17/03/2024
🥀 Far from "Home" 🥀
The pandemic's sudden intrusion into our daily lives has inevitably taken a lot of things from us, with its effects lasting for years to come. It's quite hard to believe that it's been 4 years since the rise of the COVID-19 pandemic, no? Sometimes it feels like it never happened at all, yet its effects can still be felt today. Personally, I've always been an introvert, I still am now, and it's always been my choice to enjoy my own company and peace. But to have that choice forcefully made for me, to not be allowed to see friends in person for years? It was depriving and I've been deprived of many things during the pandemic.
But the biggest loss I've had would be "home".
Living in a broken, toxic household meant I had little comfort and belonging during that crisis. I was in the company of my family, yes, but I had never felt at "home" living in this house. "Home" was something I was constantly seeking outside of this physical abode. "Home" was essentially the company of friends or even ex-partners. "Home" was the little moments of happiness where I was able to smile or laugh. "Home" was walking outside and gazing up at the clouds or the few stars scattered in the night sky.
"Home" to me was freedom.
And I was robbed of my freedom. Of my "home".

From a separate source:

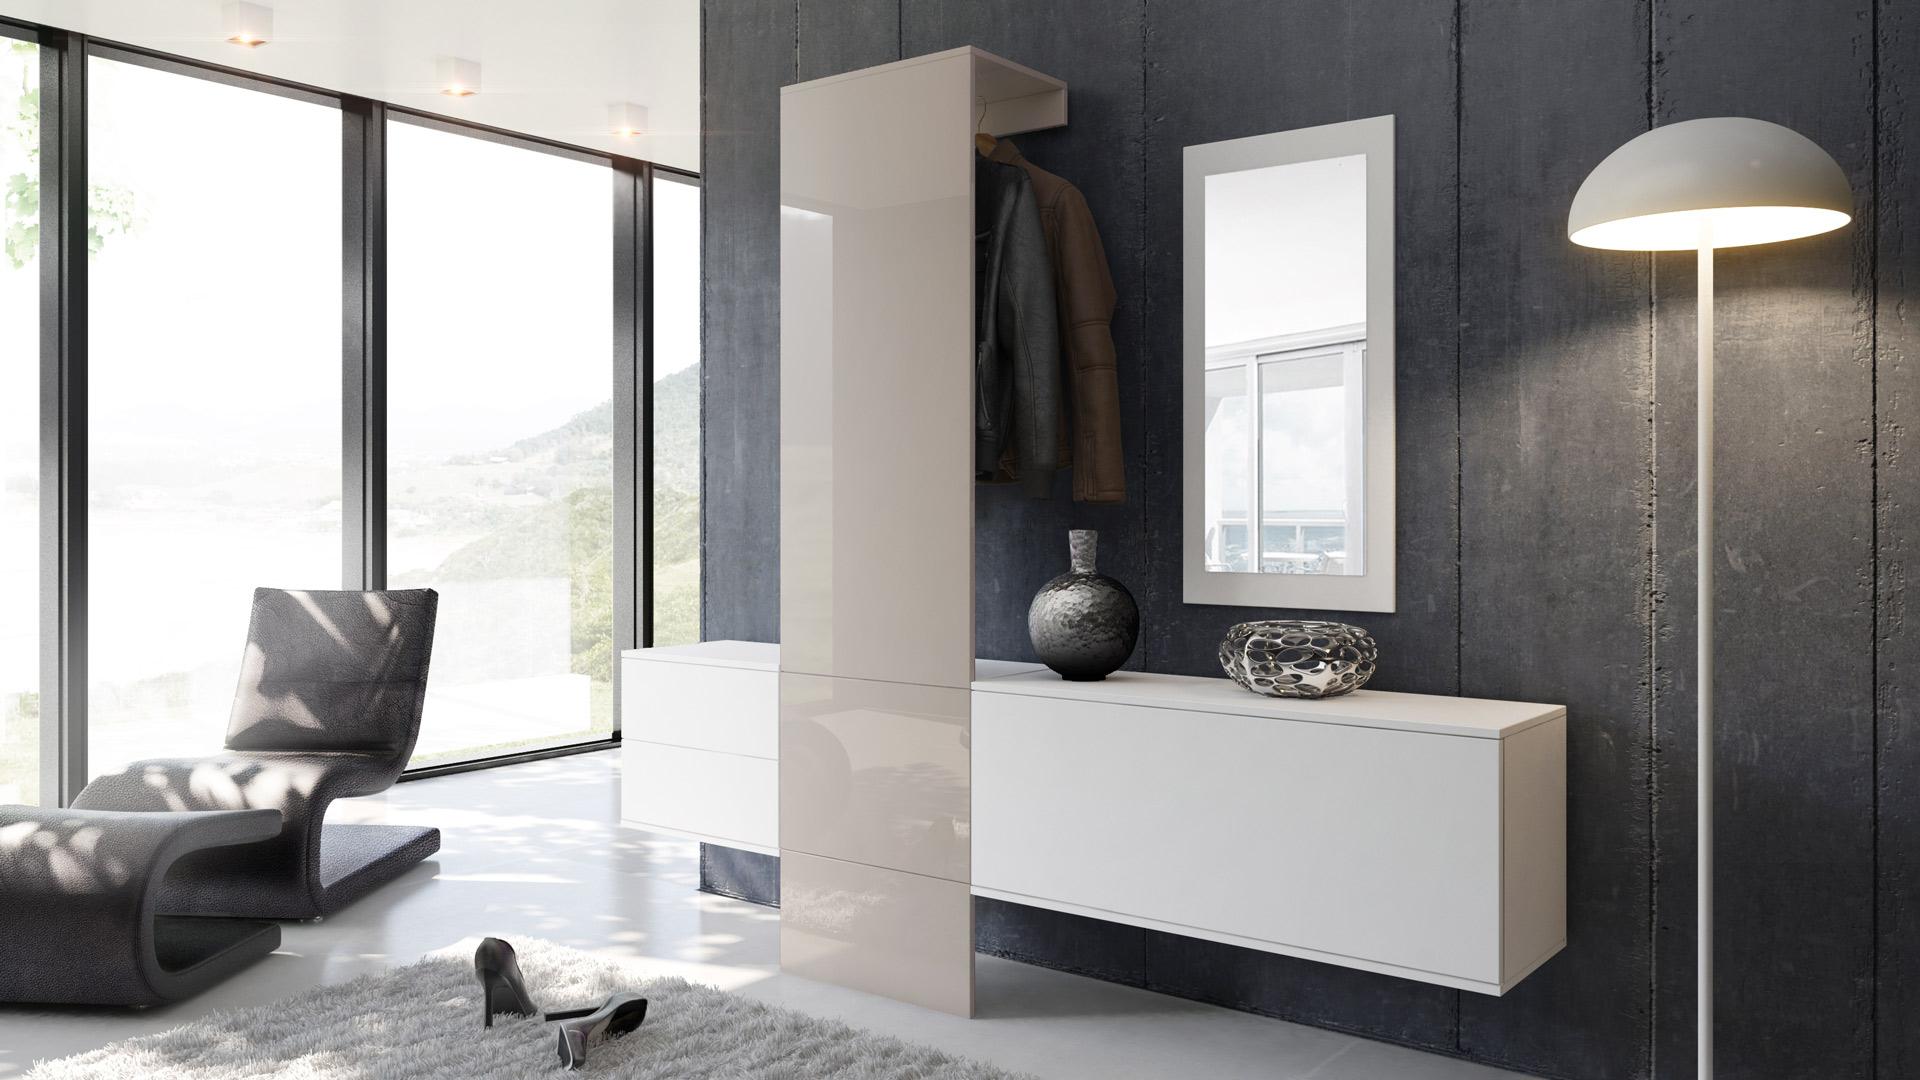 garderobenset flur garderobe diele carlton set 1 in wei. Black Bedroom Furniture Sets. Home Design Ideas

Even now, I look back on it and I see how little of "home" I really had because of how the pandemic affected me. To be honest, I didn't have much of it even before the pandemic happened, so I've truly felt the weight of my losses. But you know what? I'm grateful for those losses. They were forcefully taken from me, yes, but I've started to see the value and the importance of loss in our lives as a whole, not just what we lost during the pandemic. I'm glad to say that as I've grown, my "home" has been growing too and I wouldn't have grown without all the losses I've had. My "home" was stripped away from me and I built it back up again with my own two hands, choosing to remove and lose some things in my new home that no longer served me. Through cultivating my "home", I was able to embark on a journey of self-discovery; discovering everything that was meant for me and everything I wanted to decorate my "home" with.
The pandemic has abolished the "homes" of many others.
But the demolition of my "home" allowed me to work on the foundation of a new one.